* * * * *
It could have been worse, I thought. Much worse.
I knew only too well how badly things could go wrong. I was an expert at anticipating worst-case scenarios. It had been an important part of my job as an attorney, and even after I'd had to change careers to reduce the stress in my life, I'd held onto the habit of always being prepared for any possible disaster.
Even with all my skill though, I hadn't anticipated just how much could go wrong while working as an appraiser of quilts. I'd always admired the artistry, so when I'd needed a new career, I'd thrown myself into the serious study of quilt history. Before long, I'd passed a rigorous exam that allowed me to put "certified quilt appraiser" underneath the "Keely Fairchild" on my business cards.
So what could possibly go wrong with my new career? In two words: Dee Madison.
Dee was president of the Danger Cove Quilt Guild. In her eighties, she definitely looked her age, with white hair, a fashion sense that was stuck in the 1980s, and a generally fragile appearance.

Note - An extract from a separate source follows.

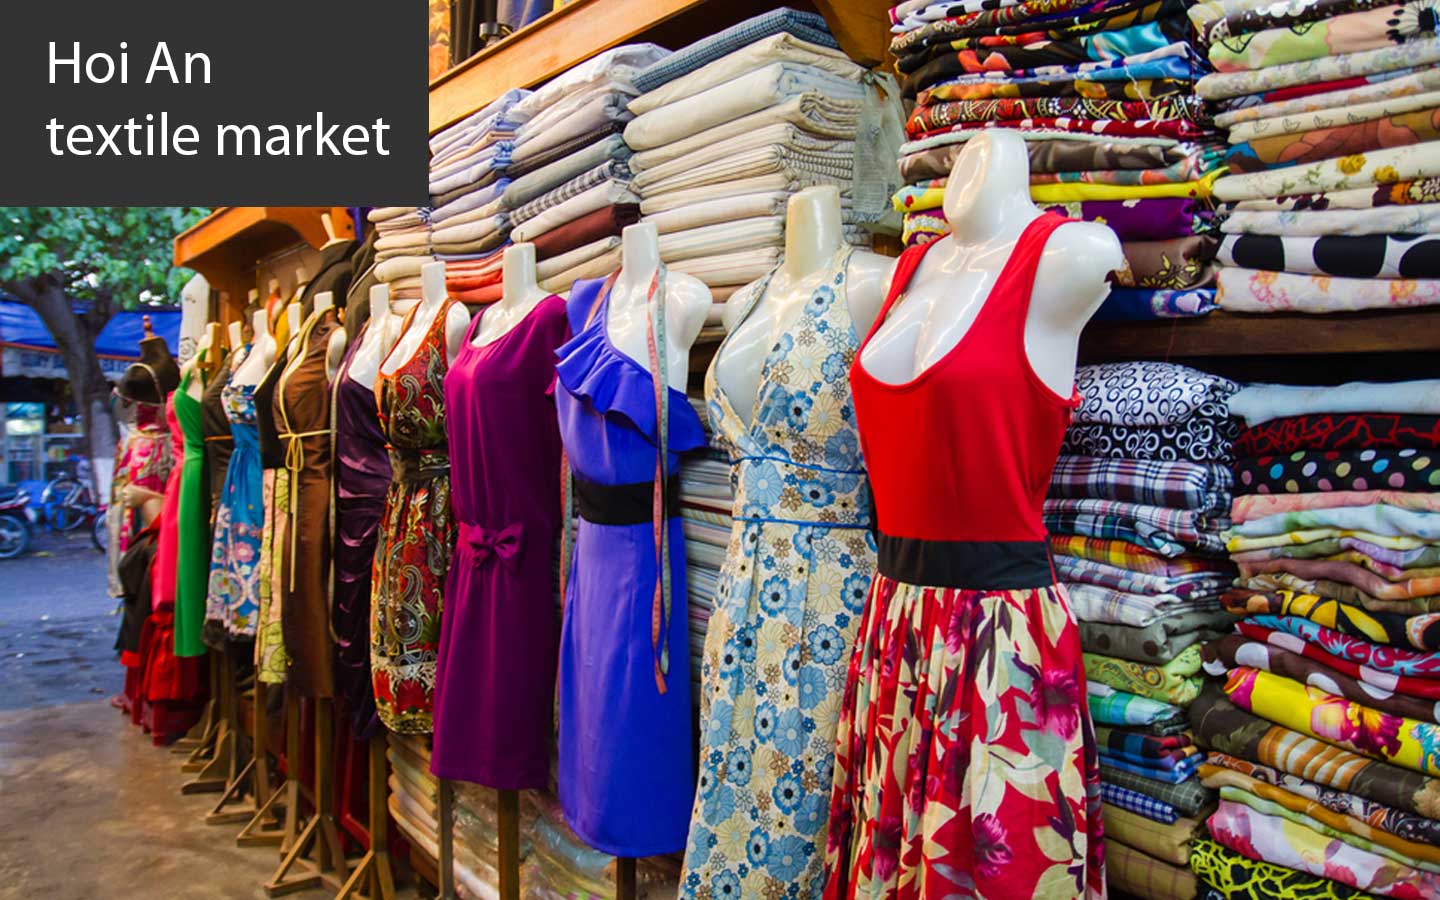 Visit Hoi An Fabric market
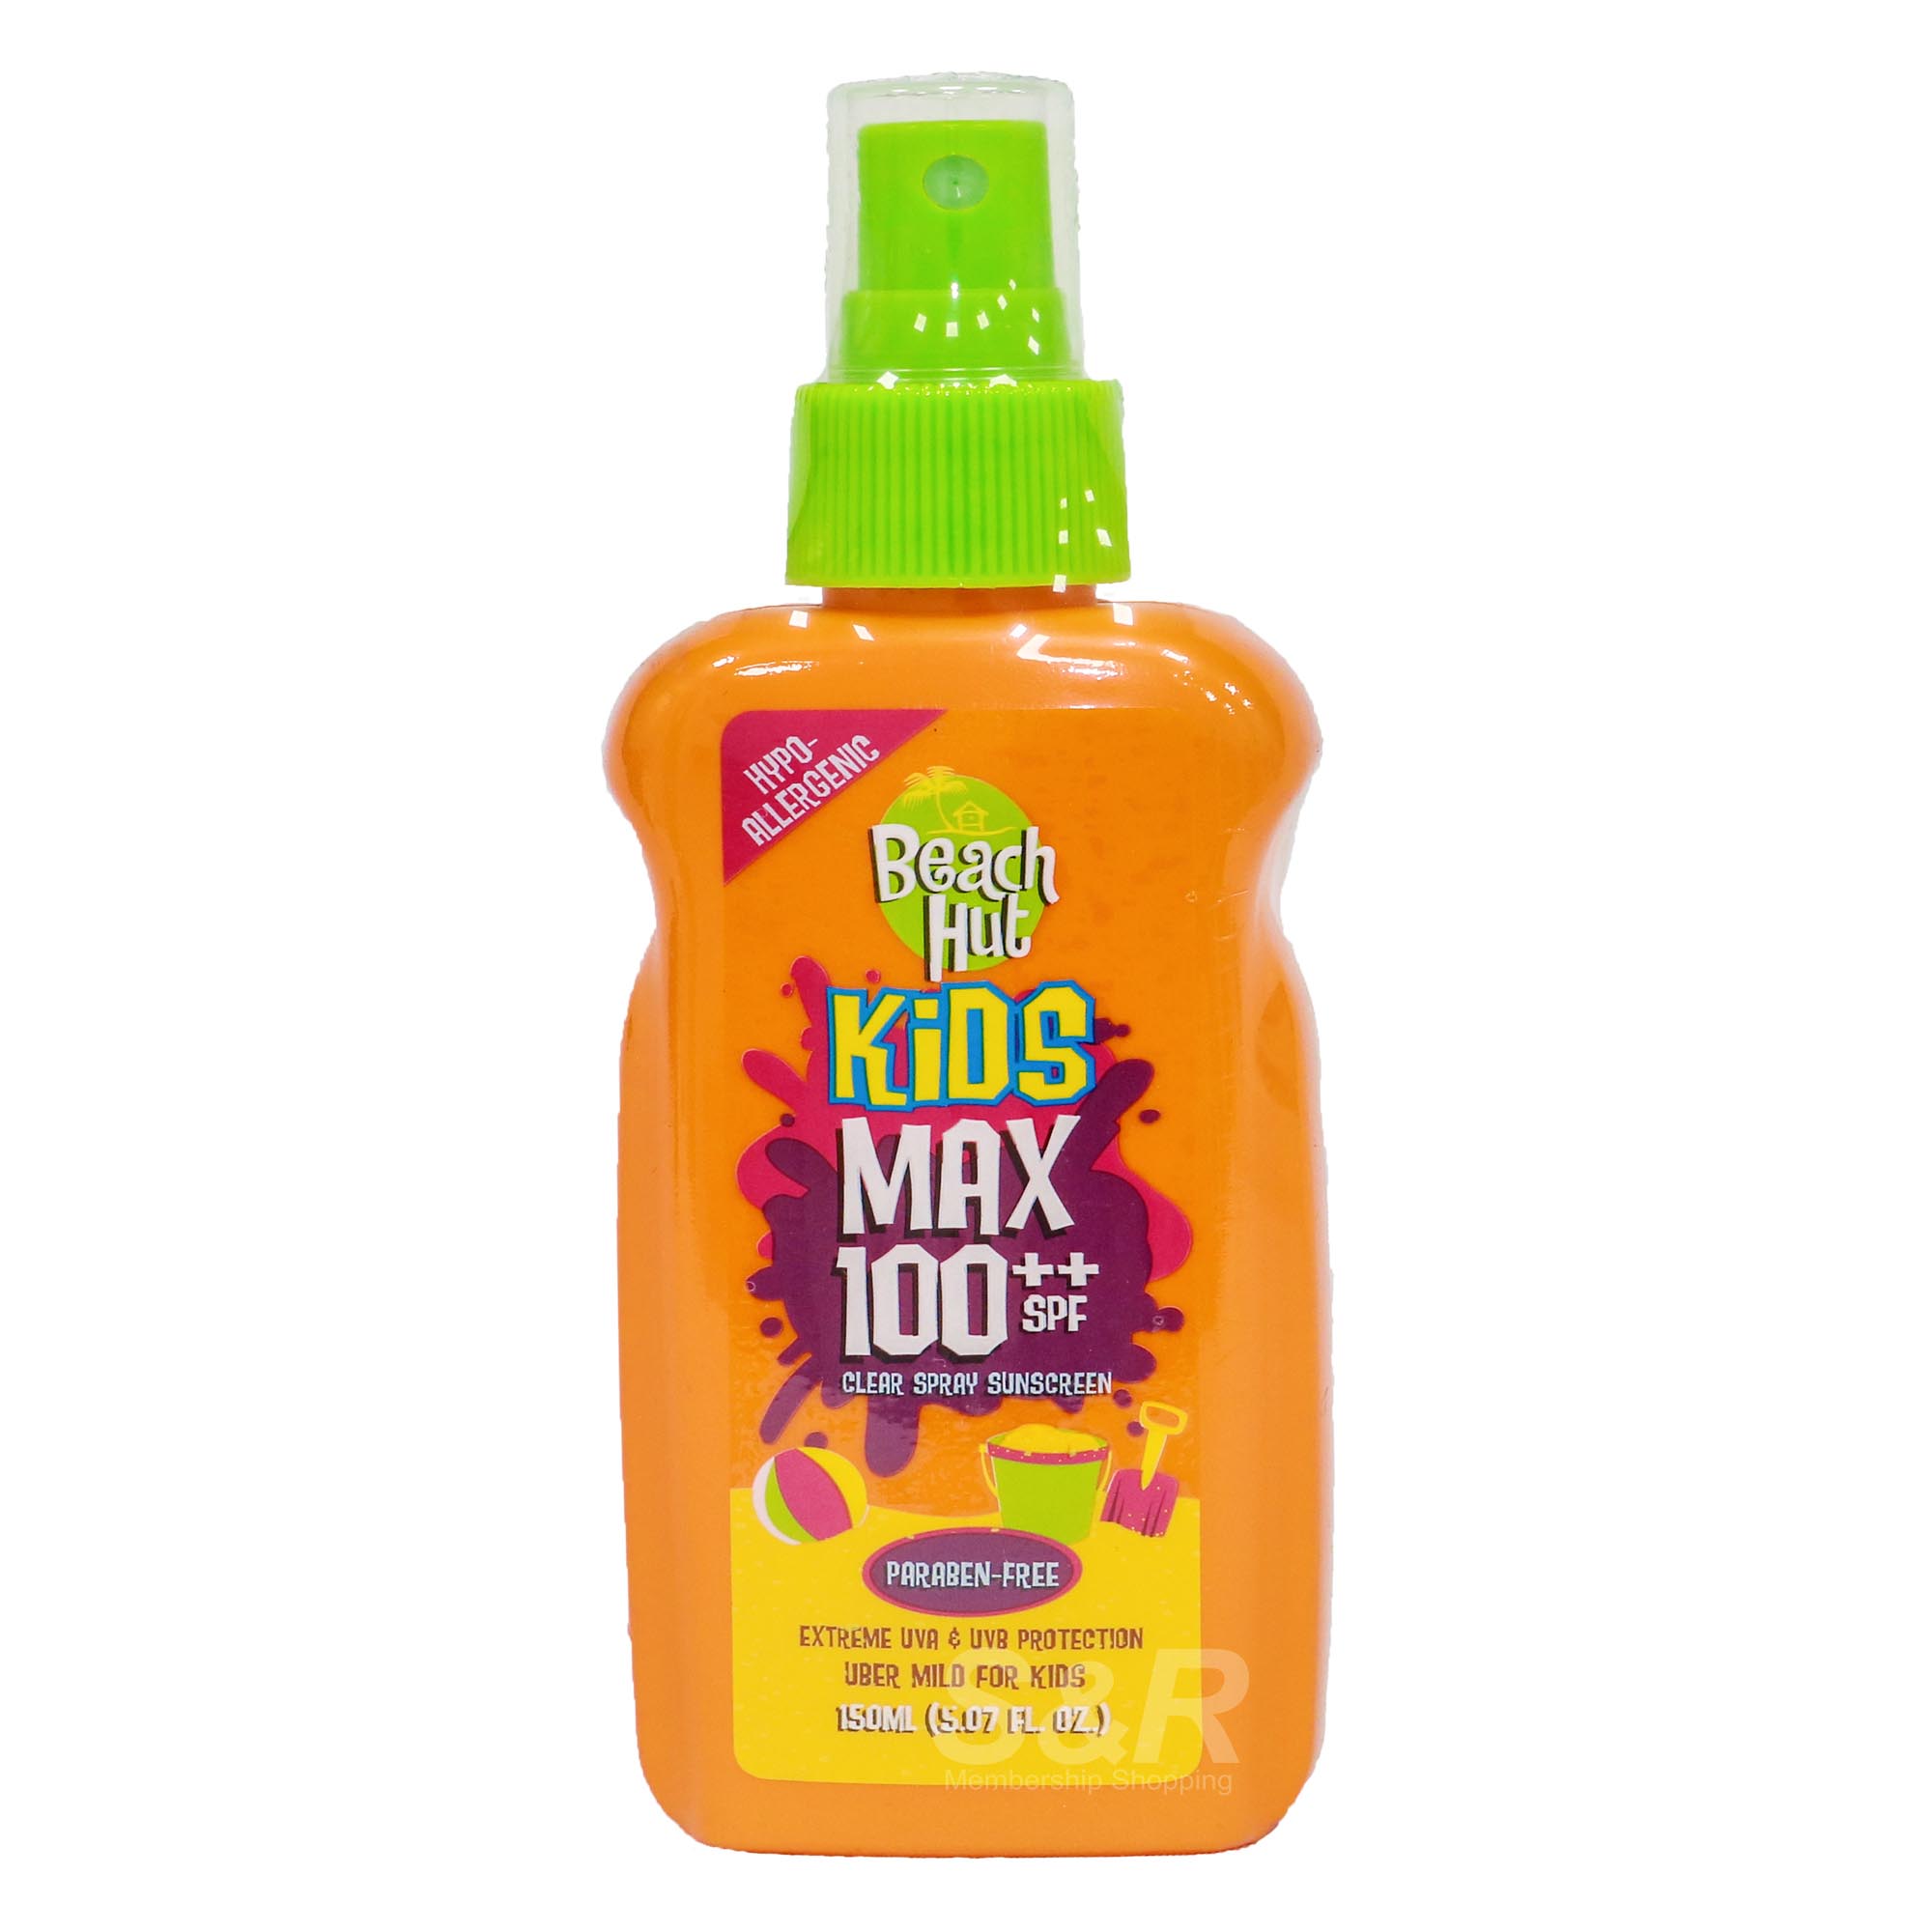 Beach Hut Kids Max 100++ SPF Clear Spray Sunscreen 150mL

Dee might have been tiny, but when she declared something had to happen, there was no getting around her. Especially when her best friend and self-appointed enforcer, Emma Quinn, was nearby, which she always was. Emma was about ten years younger and several inches taller than Dee, although not quite my height. She had a sturdy build and a knack for organizing volunteers, even when said volunteers hadn't intended to step forward to help.
Apparently my certification as an appraiser wasn't enough. According to Dee—and therefore also according to Emma—I had to have hands-on experience with making quilts.
I liked Dee and Emma and respected their opinions, so about a month ago I'd given in to their pressure. Today was my first day as an active member of the guild, attending their regular Tuesday midday meeting.
Still, it could have been worse. I'd managed to convince them I could not and would not use the dangerous instrument commonly known as a sewing machine. Especially if it was one of the super-powered ones that Dee and Emma favored. In the course of my legal work, I'd seen the statistics on the dangers of motorized equipment, both large and small, and given my syncope diagnosis, I wasn't willing to take the chance that I'd pass out while my fingers were near a needle moving at the rate of five thousand stitches per minute. If I had to learn to quilt, it was going to be by hand, no electricity or motor required. After all, some of the most amazing quilts I'd ever seen, like the one made by Maria Dolores, the first keeper of the Danger Cove Lighthouse, had been sewn by hand, probably by the light of a kerosene lantern.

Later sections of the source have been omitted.